The whisky was distilled using Quench spring barley and matured entirely in a single ex-bourbon barrel. Bottled non chill filtered and natural in colour, it carries the imprint of both grain and wood without cosmetic interference.

On the nose, McKay describes “extreme concentrated tinned fruits, stone fruits, tropical fruits”. Official tasting notes reference bright peaches and sliced mango layered with soft nougat, earthy dunnage floors and dusty oak spice. The palate is bold and fruit forward, with syrupy preserved fruits alongside milk chocolate and creamy cereal character, lifted by cask pepperiness. It is thick and textural, says McKay. “You know you’re drinking it,” he adds, pointing to darker chocolate and wooden notes on the back palate and a finish that lingers on ripe fruit before tightening into Szechuan pepper spice.

For all the celebration, there is arithmetic at work. Around 70 casks remained when Gleann Mòr acquired the stock. That number is now closer to 60. Each release must build awareness without draining reserves before a new distillery is operational. Roughly half of each outturn is sold direct through the website, the other half allocated between on and off trade. London Distillery sits within a niche inside a niche, and credibility depends on being present where serious whisky drinkers shop.
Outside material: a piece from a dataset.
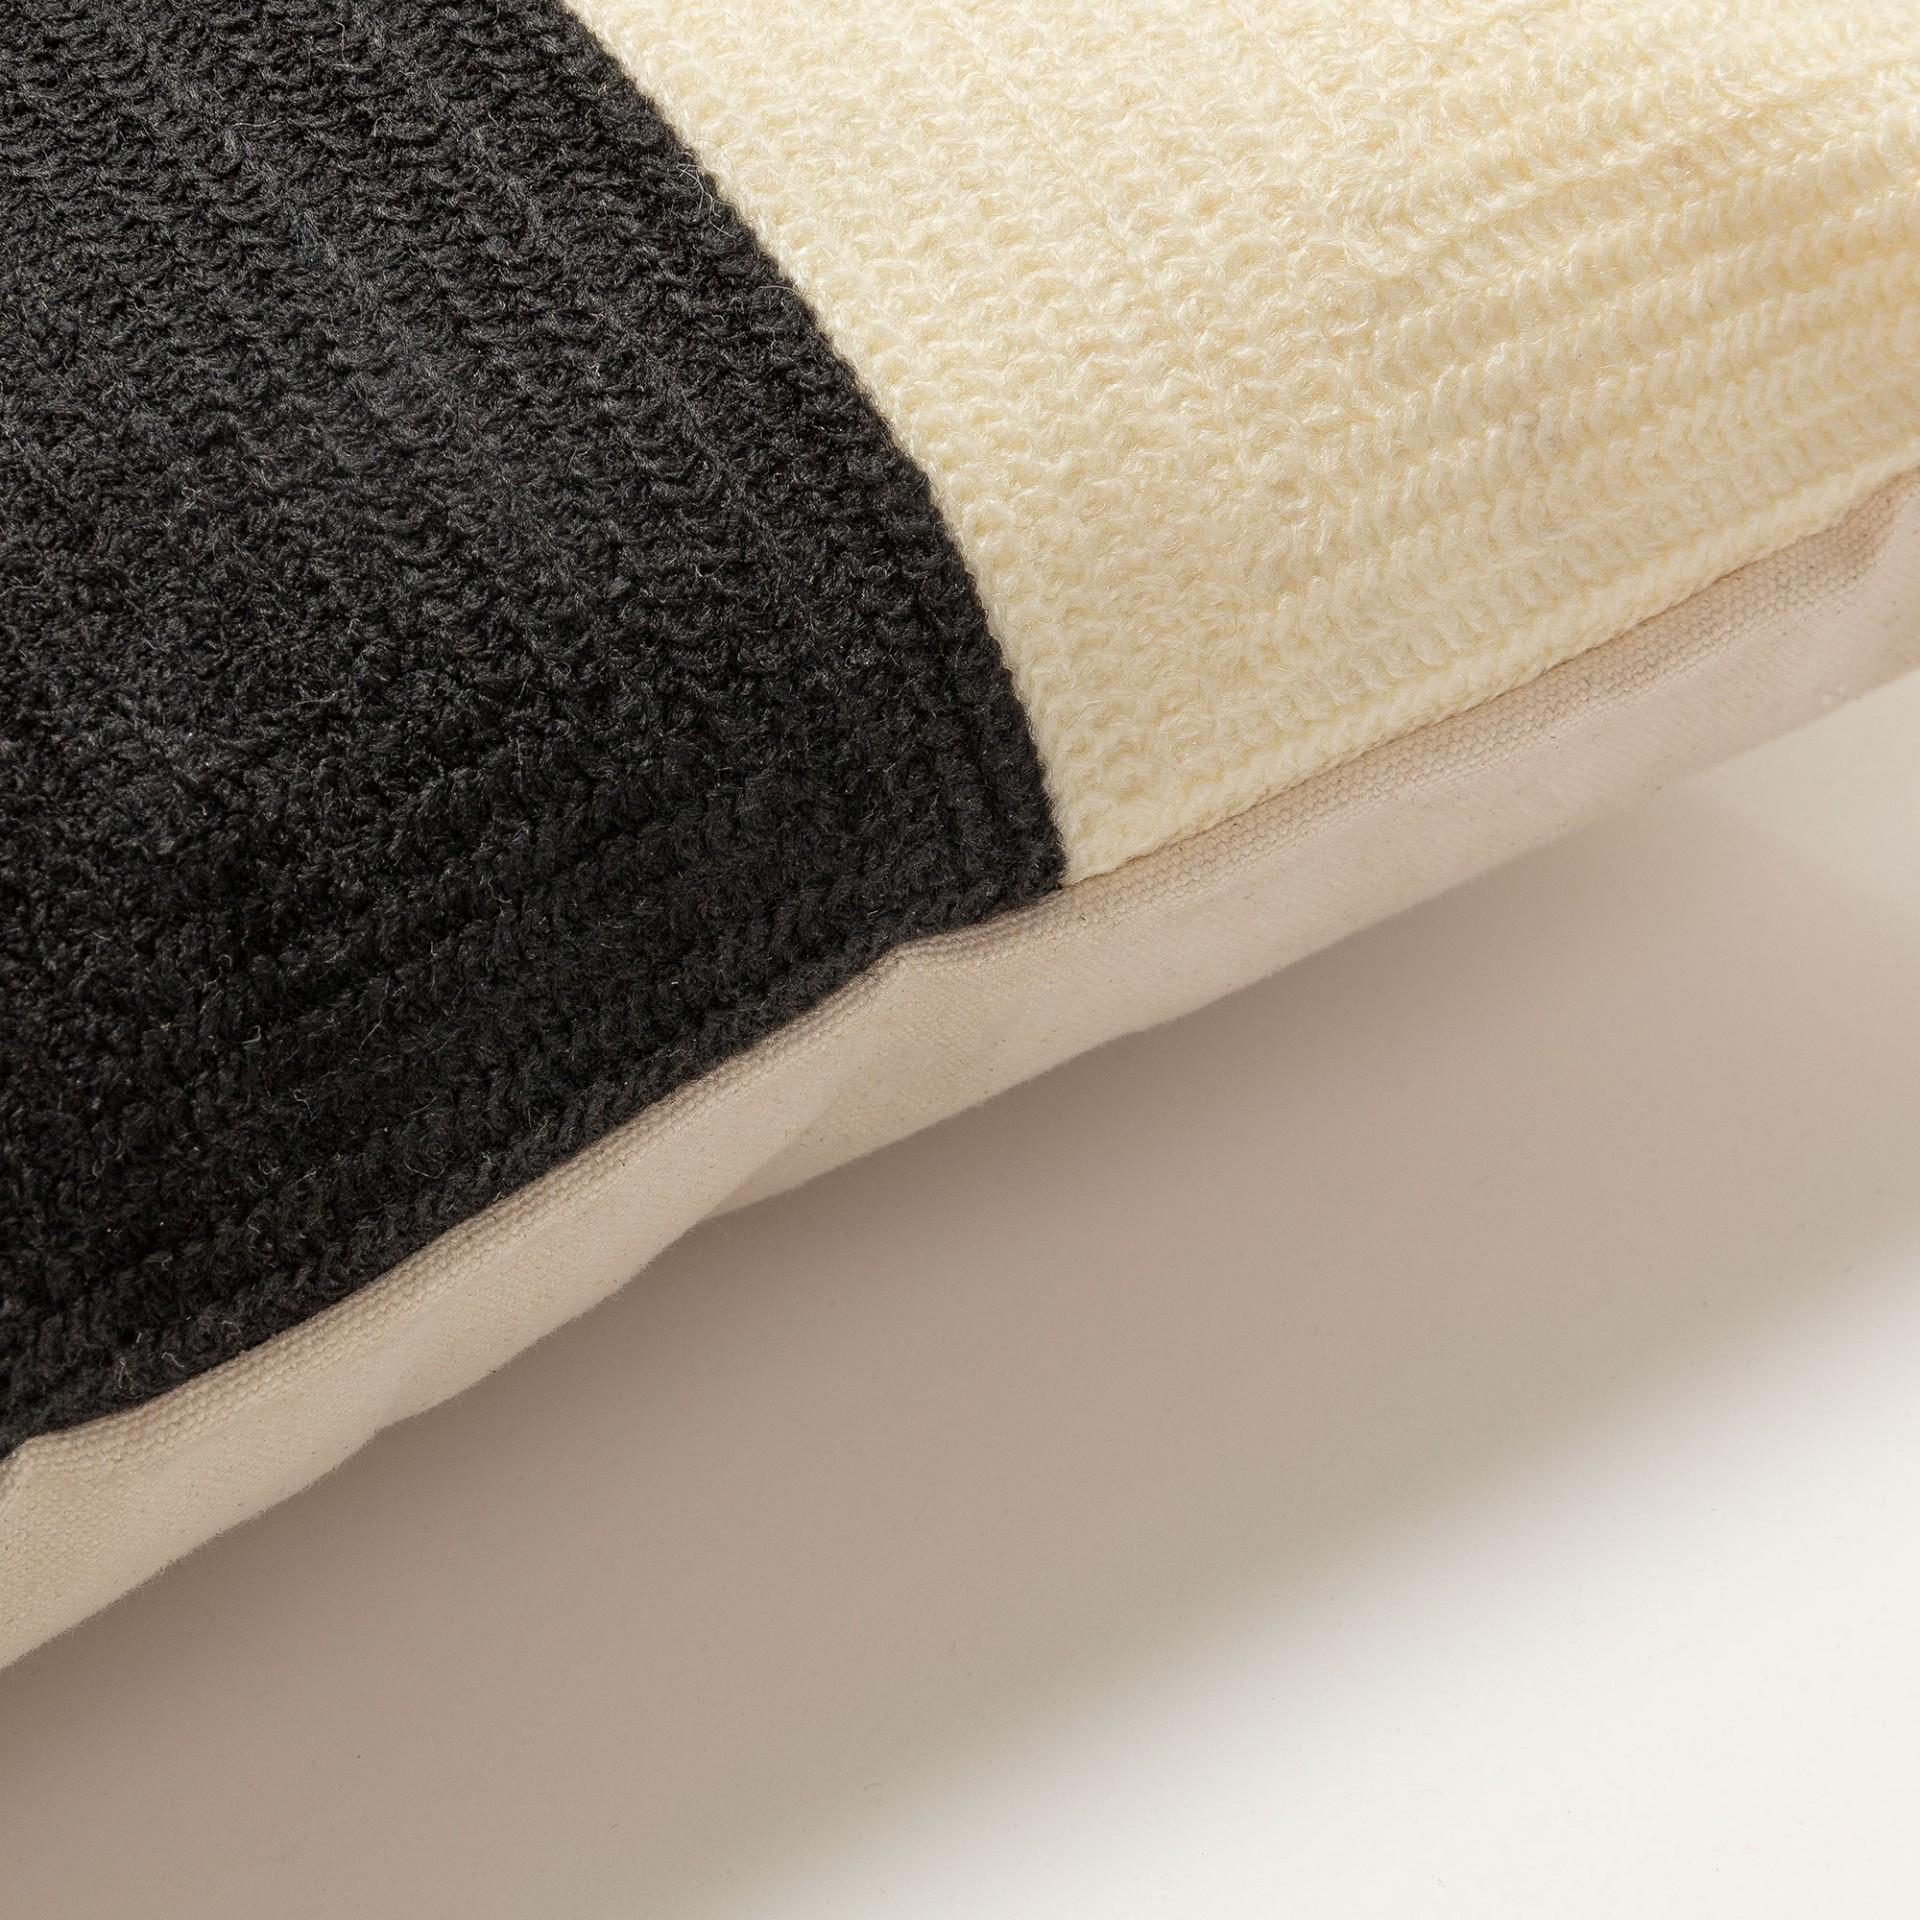 Capa de almofada Sinner, bordada, multicolor, 30x50 cm

The long-term ambition is to resume production in London. Sites are being explored this year, though planning, capital and construction mean distilling again in the capital will take time. When it does happen, the intention is to return to the grain philosophy that defined the 2011 opening. The original London style was heritage grain led, with varieties such as Maris Otter and Plumage Archer used to create a spicy, characterful malt profile. McKay is clear that grain remains central. The spirit will taste of barley if handled correctly. Heavy finishing in intensely sweet casks can obscure that character, he says, and part of the whisky maker’s role is knowing when to step back.

McKay’s own path into the role was not linear. His background was in engineering and biomedical science communication before whisky took over. He founded The Dramble, an online whisky platform, then moved into communications for Bimber’s early releases, later taking on production responsibilities. He subsequently left Bimber.
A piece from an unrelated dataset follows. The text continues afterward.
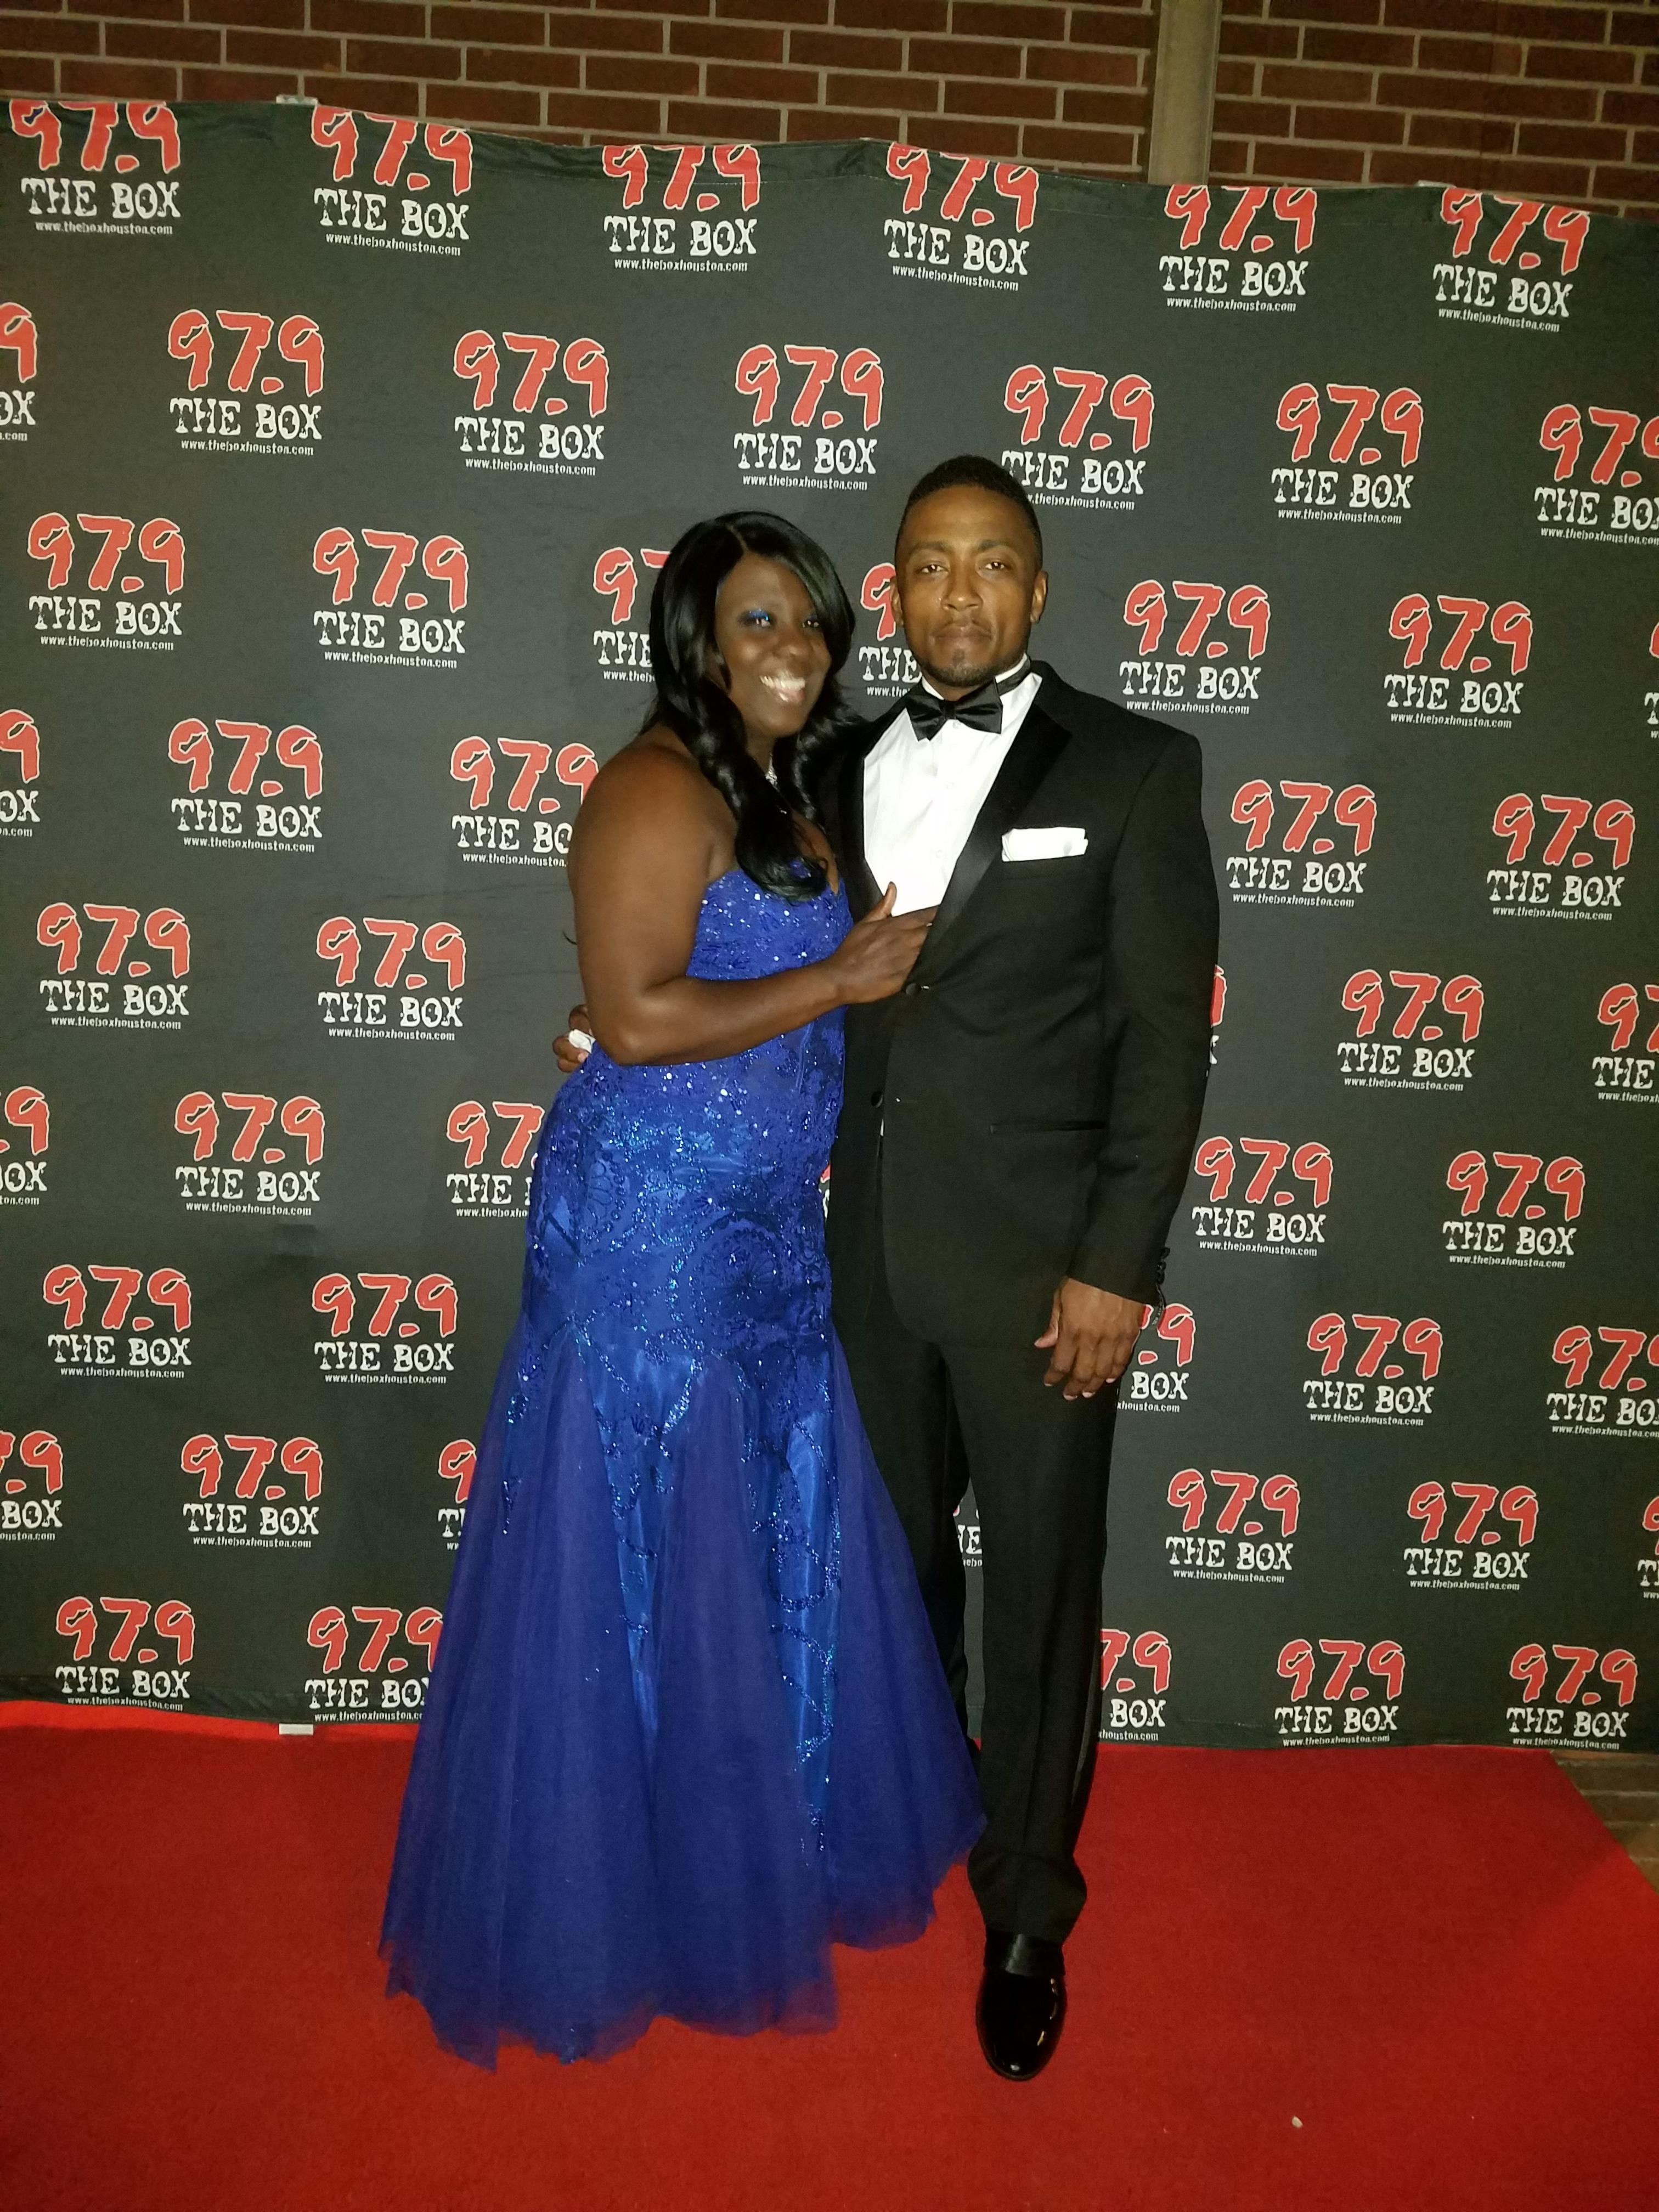 97.9 Prom Night Photo Gallery

The brief from Gleann Mòr was straightforward: steward what remains, reintroduce the brand carefully and build towards a future in which London once again has a working whisky distillery.

Matt McKay Managing Director, and Claire Filer, Brand Advocacy Manager, of the London Distillery Company

Ten Times Around the Sun anchors London within a maturing English whisky movement. The existence of a 10-year-old London single malt adds depth to a category that, not long ago, was defined by youth. There is something fitting about London reasserting itself in this way. The city trades on reinvention. Distilling in the capital is expensive, exposed to property cycles and planning constraints, and vulnerable to the commercial pressures that ended the second incarnation in 2020. Yet the idea persists. From Dodd’s 1807 scheme to the 2011 revival and now this third chapter under Gleann Mòr’s ownership, the story has been less a straight line than a series of attempts to prove that London can sustain serious whisky making.

A single cask of 220 bottles will not transform a category. But a decade of patient maturation, followed by a measured and transparent release, signals intent. If the next London distillery does open its doors in the coming years, Ten Times Around the Sun will stand as a bridge between what was attempted in Battersea and Bermondsey and what might be built next.